At the station Philip again glanced at his watch. There was still time enough, and he took the girl to the depot restaurant, tipped a waiter for a rush order, and told her she must eat. While she was at supper he bought a ticket and a sleeping-car berth and checked the shabby little trunk. Afterward, he went to sit with her until she finished eating, telling her to take her time; that he would see to it that she did not miss her train. Now that she had bathed her face and eyes and made herself presentable, he saw that she was, not pretty, perhaps, but wholesomely comely; and though she did not talk, the look in the big blue eyes that were evidently an inheritance from her Swedish or Danish ancestry was almost dog-like in its affection and gratitude.

When he took her out to the waiting eastbound train, the Denver & Rio Grande express from Pueblo and Colorado Springs had just pulled in, and if he had looked aside he would have seen Bromley welcoming a group of debarking travellers, with Stephen Drew carrying a hand-bag for one of them—a very beautiful and statuesque young woman with a peach-blow complexion and hair like spun gold. Also, he might have seen that, in the procession of the group toward the station egress, Bromley lagged behind, with an eye for himself and the girl standing at the steps of the eastbound sleeper.

“You will find some money in this envelope with the tickets,” he was saying to the girl, “and there is no string tied to it. Just go back to your people and thank God you’ve got the best part of your life before you yet.”

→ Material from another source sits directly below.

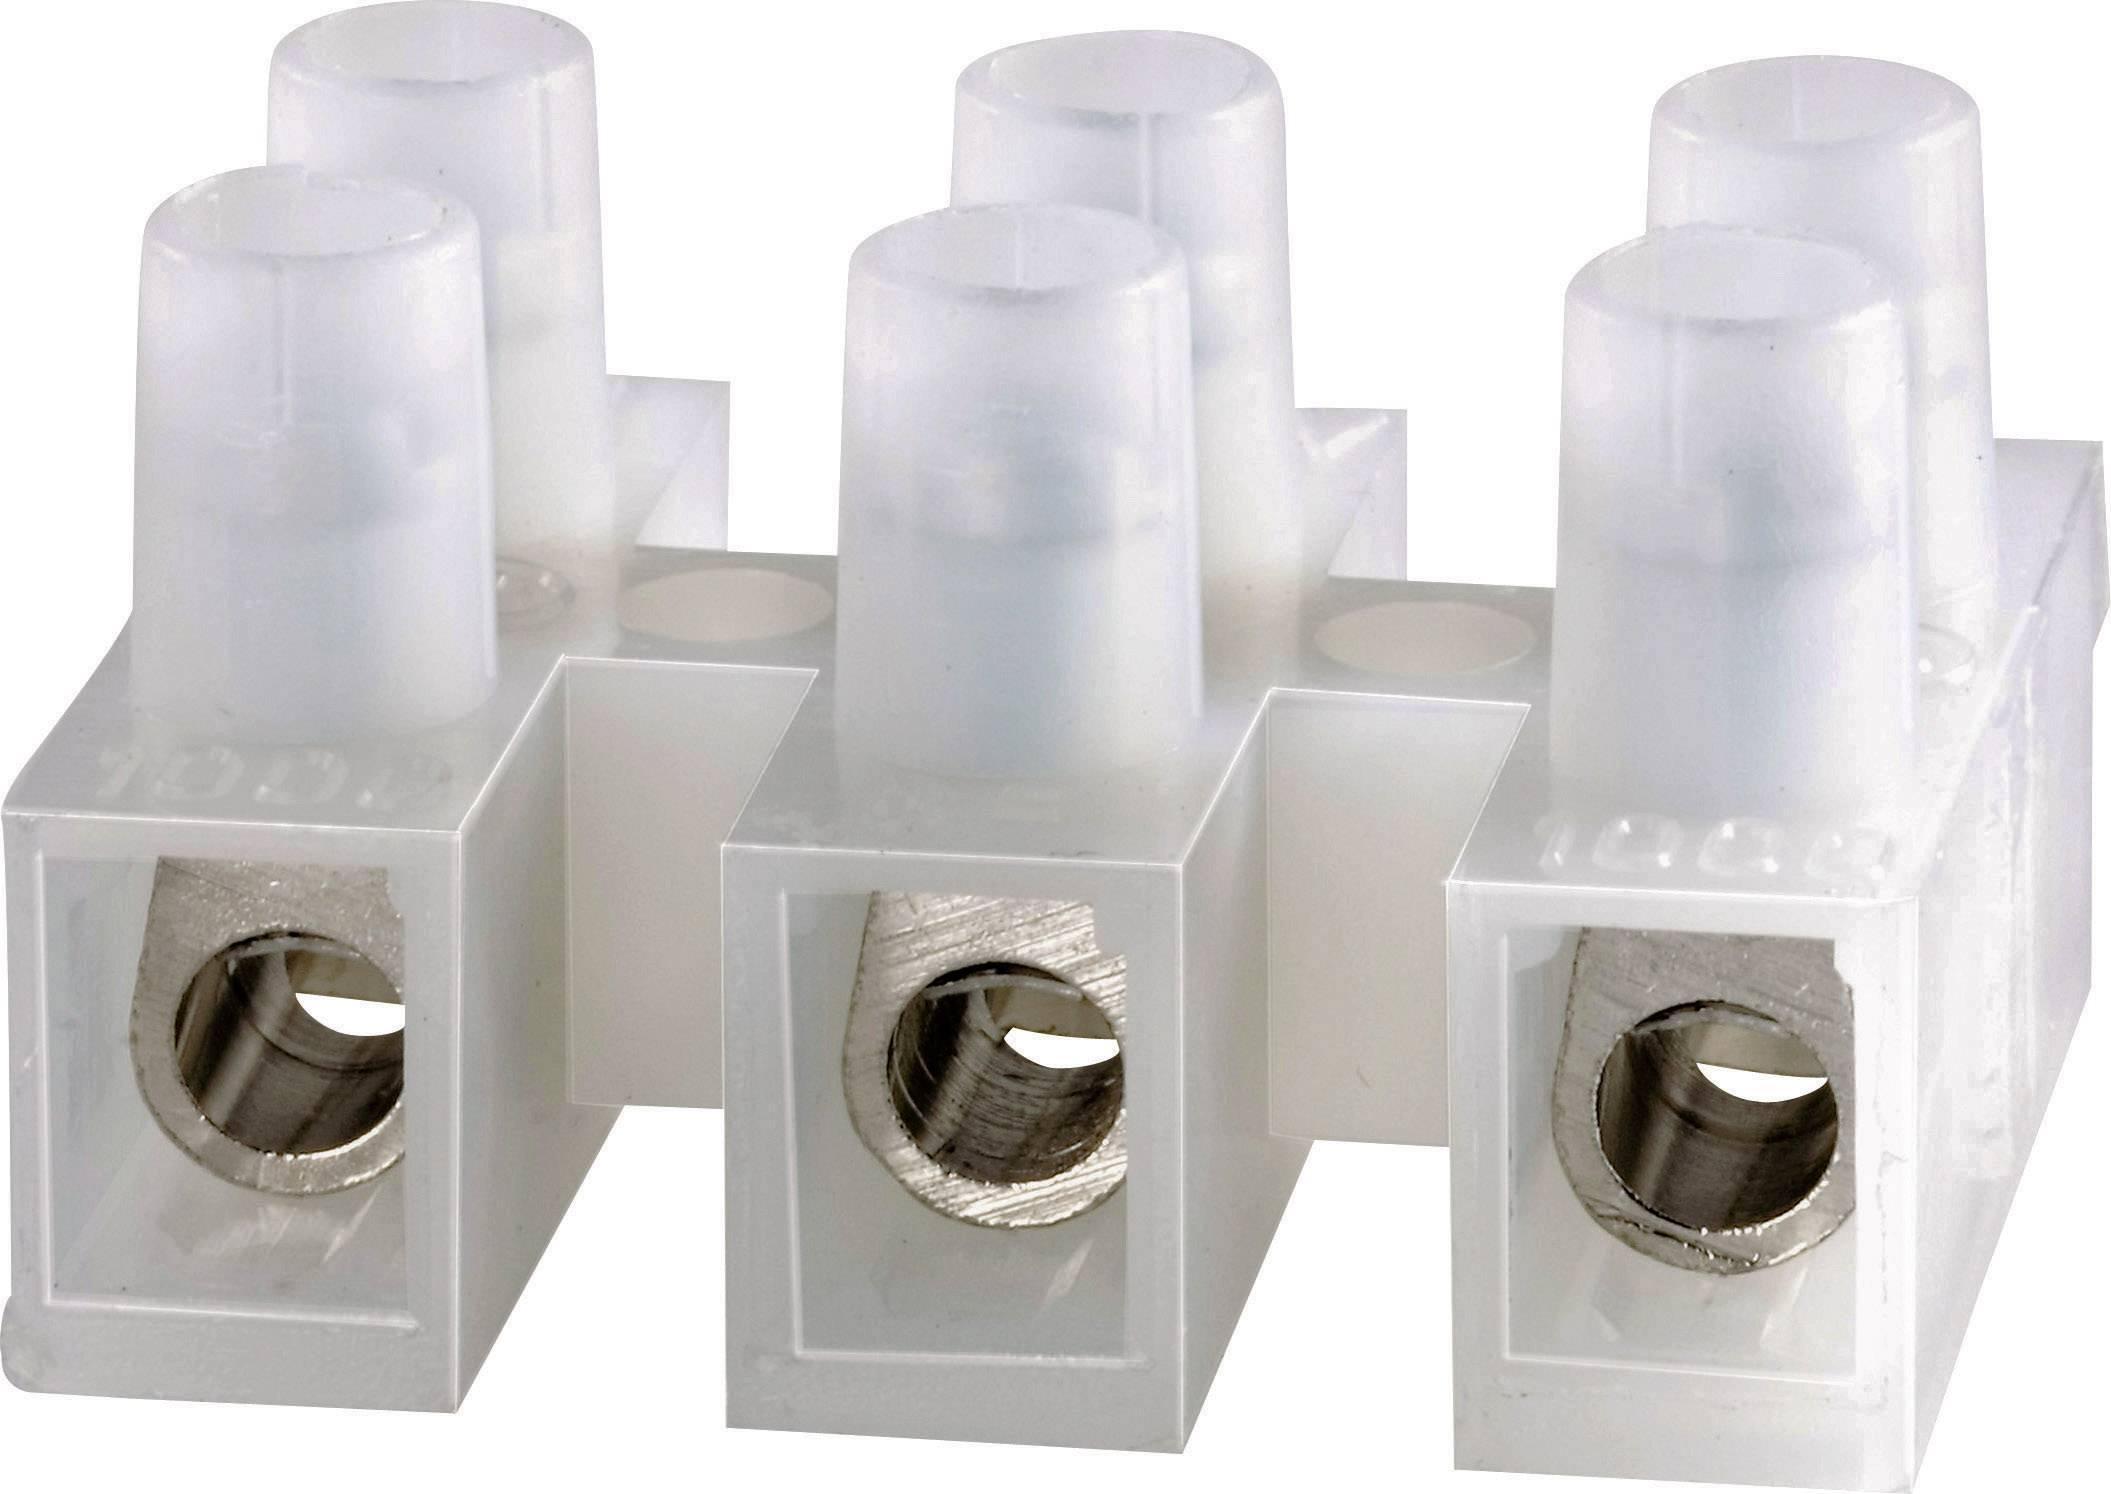 Svietidlové svorky Adels-Contact 500/335 123203 na kábel s rozmerom -2.5 mm², tuhosť -2.5 mm², počet pinov 3, 1 ks, prírodná

It was then that Harry Bromley, glancing back over his shoulder, saw a thing that he immediately wished he had not seen. The girl had tucked the ticket envelope into her bosom and put up her arms. “I wish you’d let me kiss you, just once,” she said chokingly. “I never knew there was ever such a man as you on top of God’s green earth!”

“There isn’t—not the way you mean it,” Philip denied quickly. “You mustn’t trust any of us—not even me.” Then he took her round face between his hands and kissed her and put her aboard her train; and Bromley, having witnessed the parting, plodded on after the Follansbee group, shaking his head and muttering to himself. He had been hoping that Philip’s plunge into the depths had stopped with the whiskey bottle and the gaming tables, but here was proof positive that it hadn’t. It was a man-killing world, this world of the unfettered West, and the trail of the serpent was over it all.

It was perhaps five minutes after the eastbound train had clanked out over the station switches when Philip lounged into Reddick’s office to lean upon the counter rail and watch the passenger agent as he fingered the keys of one of the lately introduced writing machines. Reddick stopped his two-finger performance and looked up to say, “Back again, are you?”

“Yes,” said the lounger, “but not to stay; just to ease your mind. The girl you were telling me about: she is on her way back to her folks in Iowa, on the train that has just pulled out. I don’t believe you will have to check her trunk again.”

“You went up to the Goguette’s and got her out?”

“Yes.”

Reddick thrust a hand over the railing. “Shake!” he said. “I wish there were more good devils like you in this rotten world—good devils with money to burn. I’d have done it myself, if I’d had the wherewithal. But it was too near pay-day for me.”